INPUT DATA:
*** Block opens ***

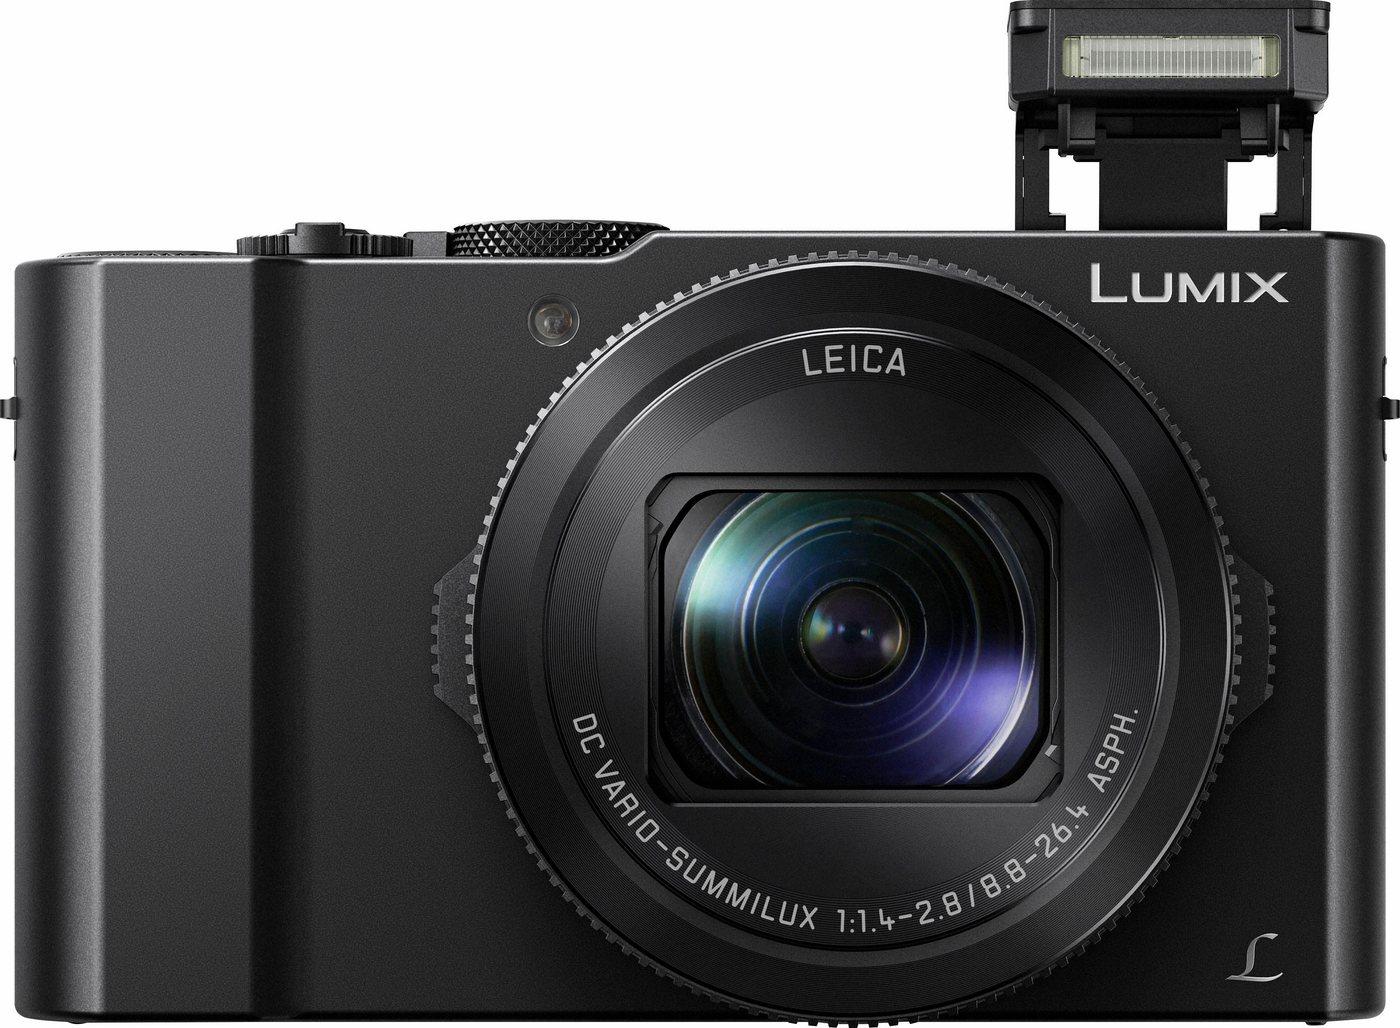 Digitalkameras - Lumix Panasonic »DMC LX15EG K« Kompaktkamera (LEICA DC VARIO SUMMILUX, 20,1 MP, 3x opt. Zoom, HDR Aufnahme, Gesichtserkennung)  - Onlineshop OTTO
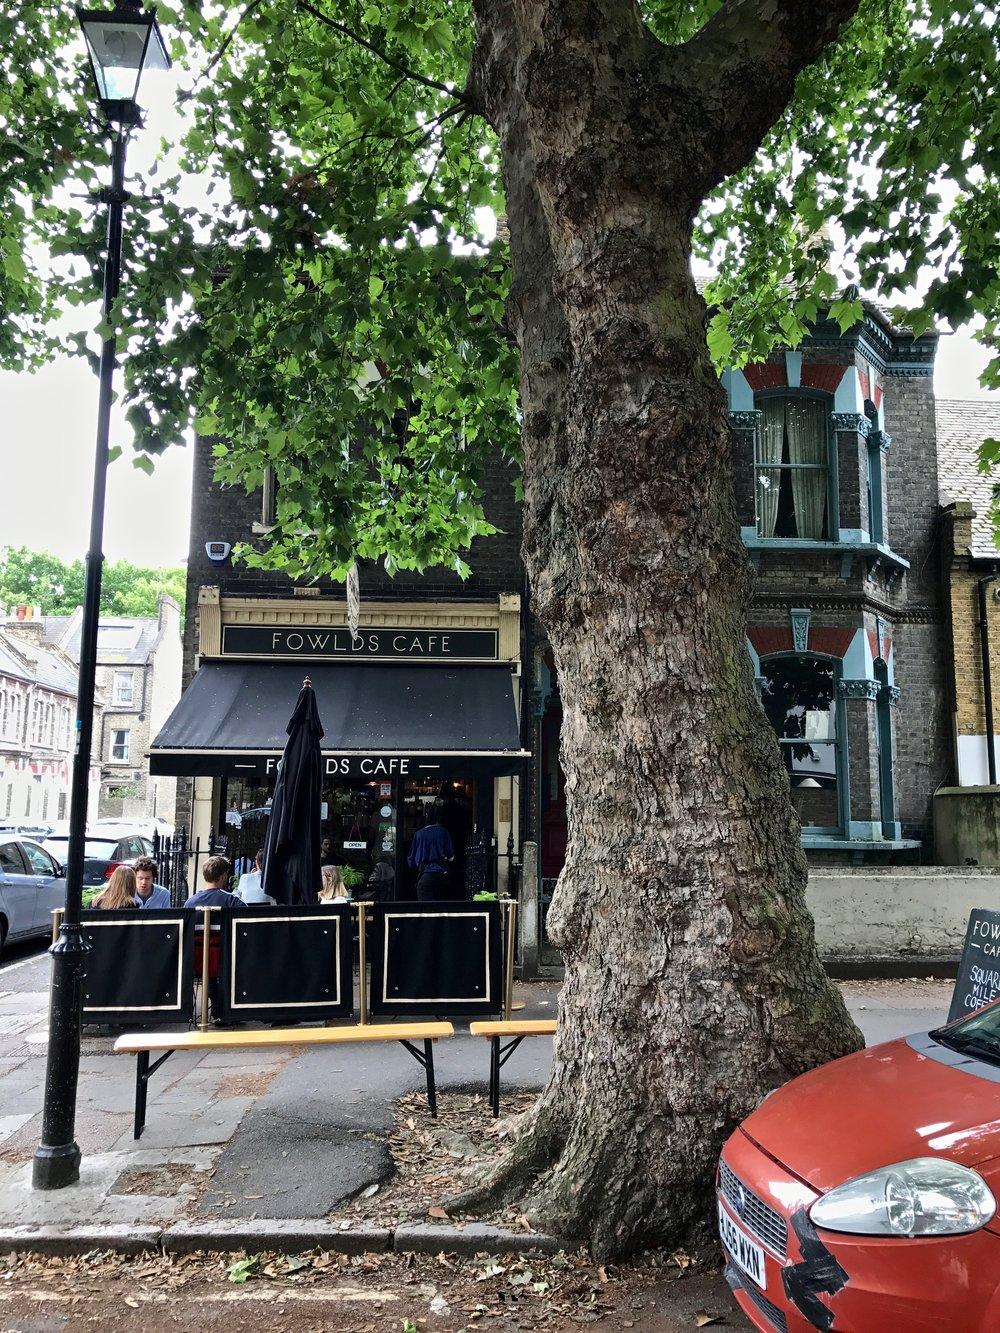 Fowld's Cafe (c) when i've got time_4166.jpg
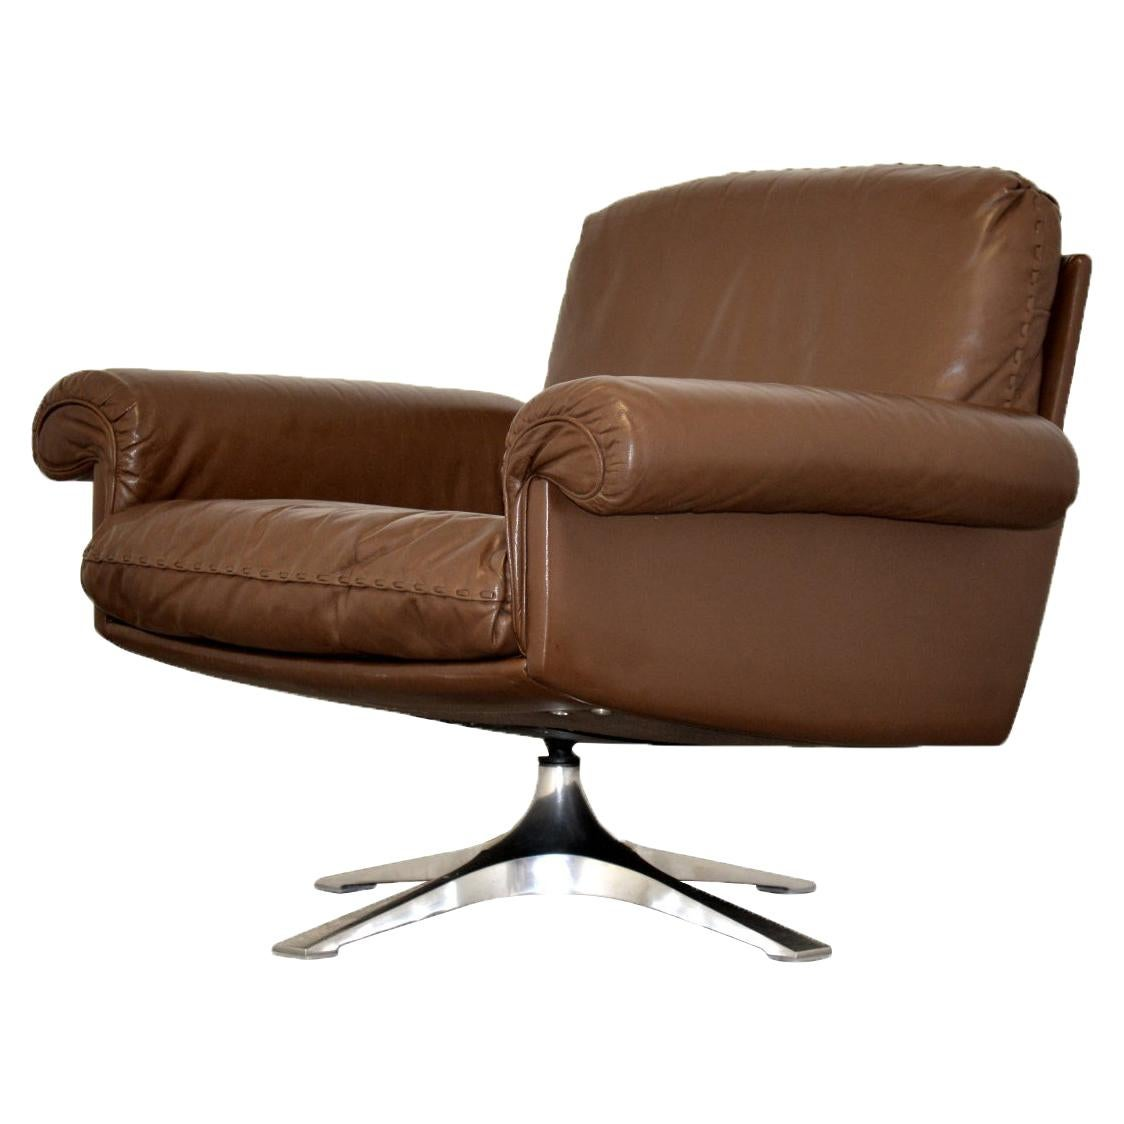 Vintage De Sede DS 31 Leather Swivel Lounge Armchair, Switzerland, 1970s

*** Block closes ***
*** Block opens ***

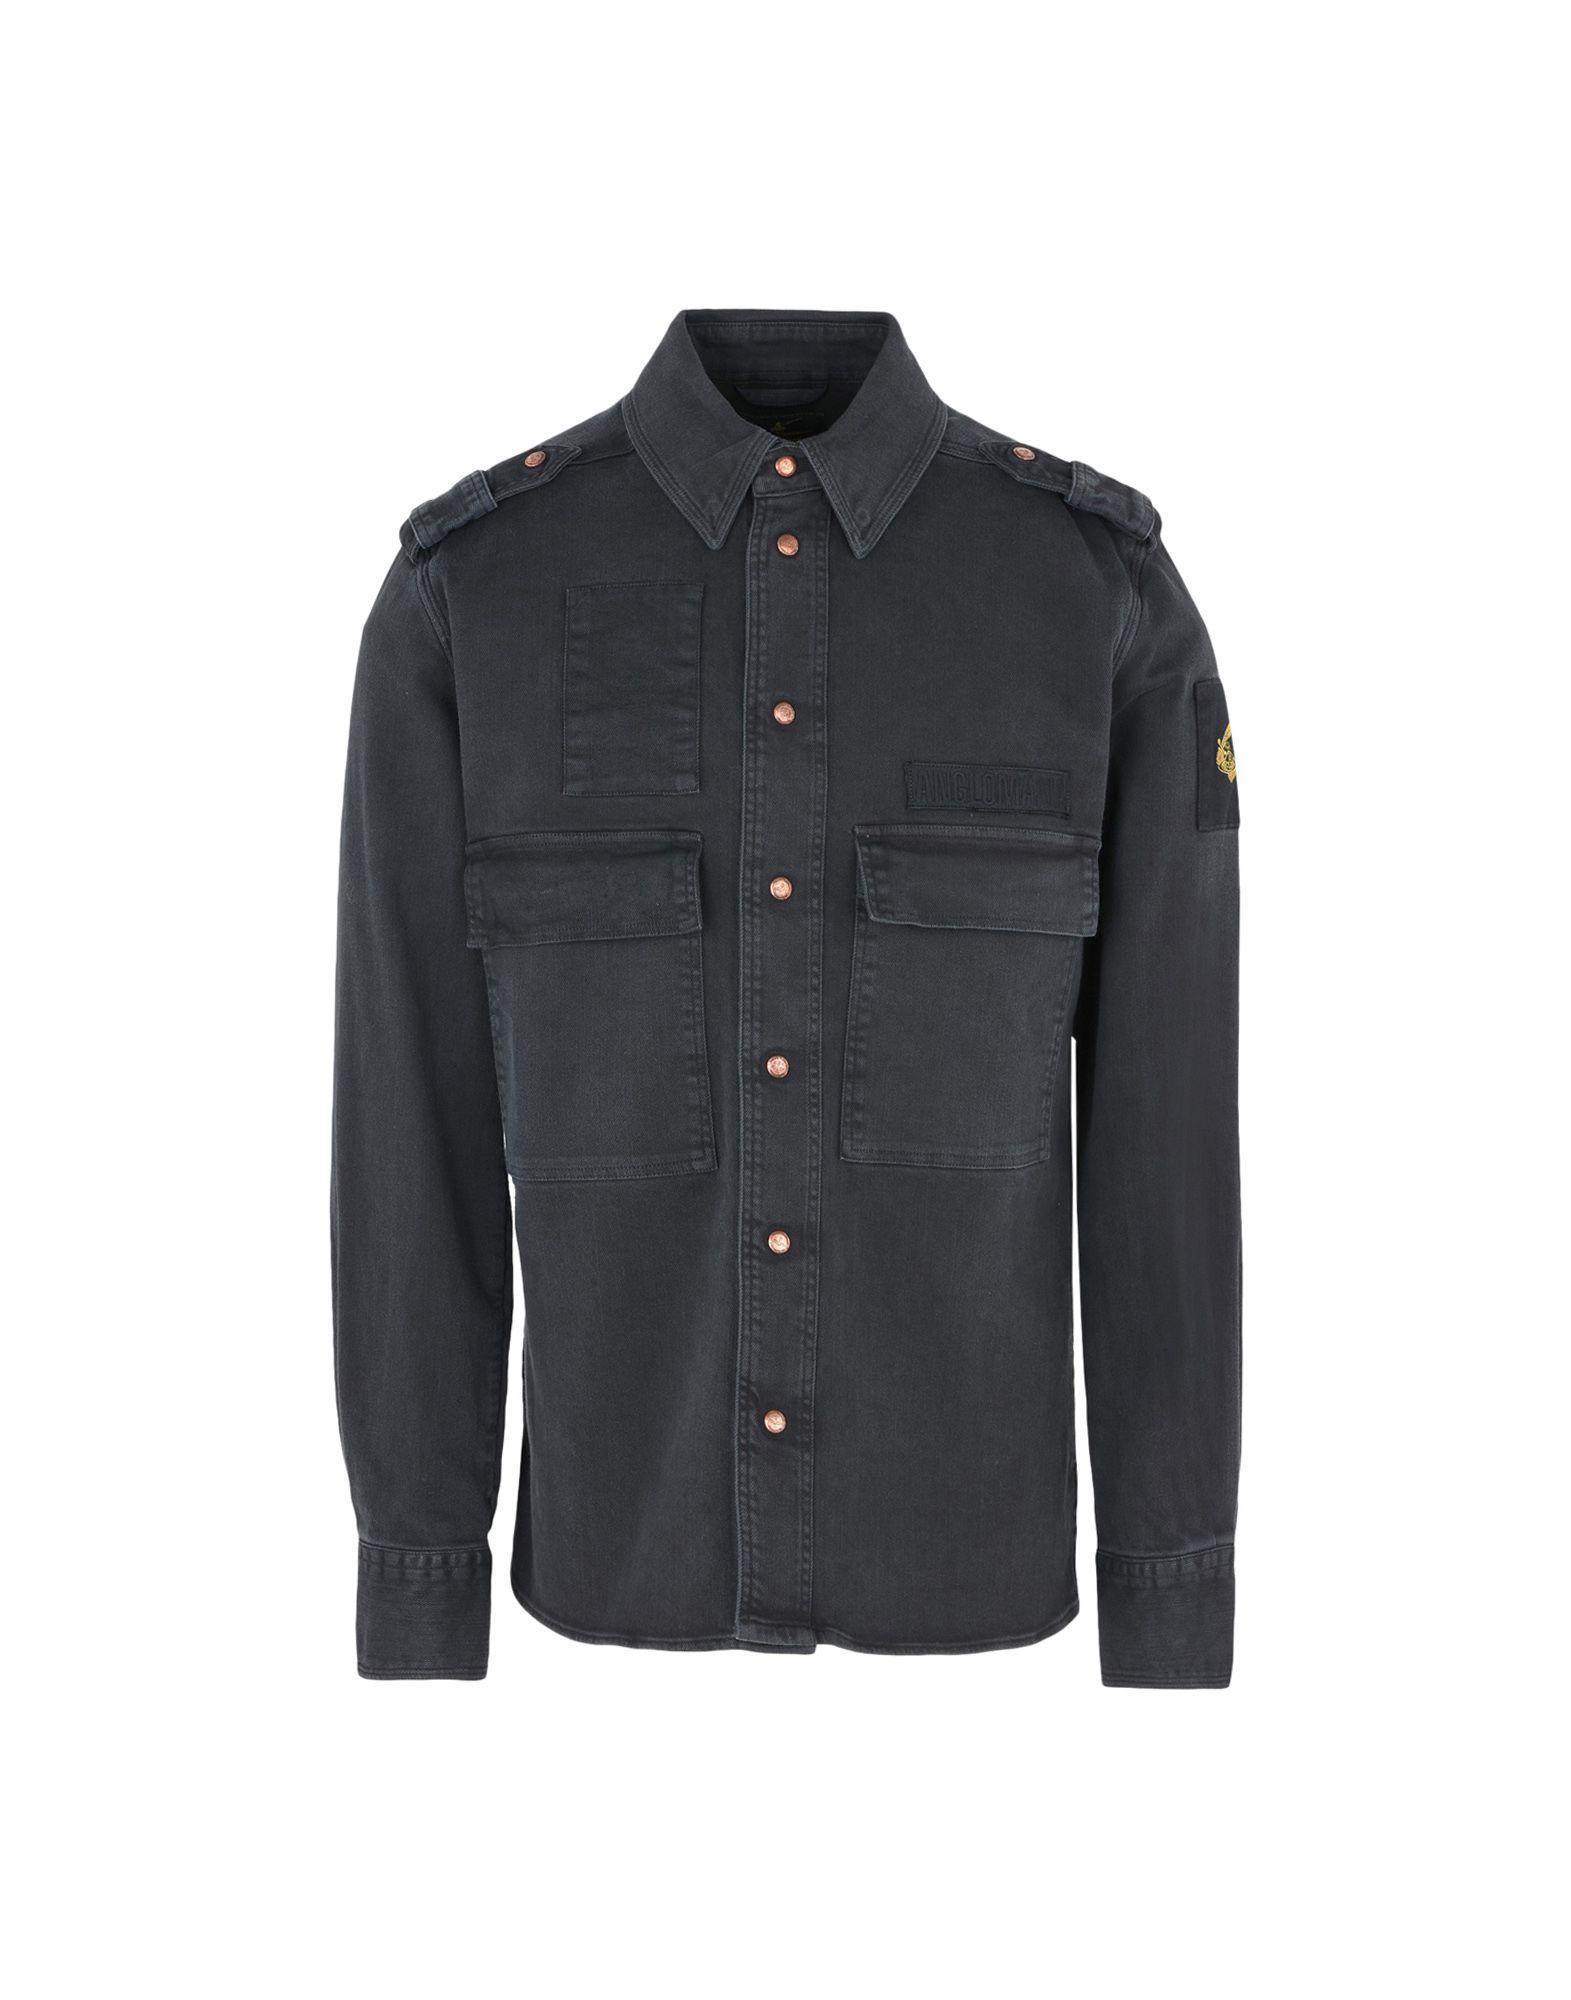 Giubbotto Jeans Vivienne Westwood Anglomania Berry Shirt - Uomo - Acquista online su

*** Block closes ***

Return exactly the lines that appear in the data above between the line containing "Fowld's Cafe (c) when i've got time_4166.jpg" and the line containing "Vintage De Sede", both of which are included, and leave the pictures out.

YOUR SOLUTION:
 Fowld's Cafe (c) when i've got time_4166.jpg
 Vintage De Sede DS 31 Leather Swivel Lounge Armchair, Switzerland, 1970s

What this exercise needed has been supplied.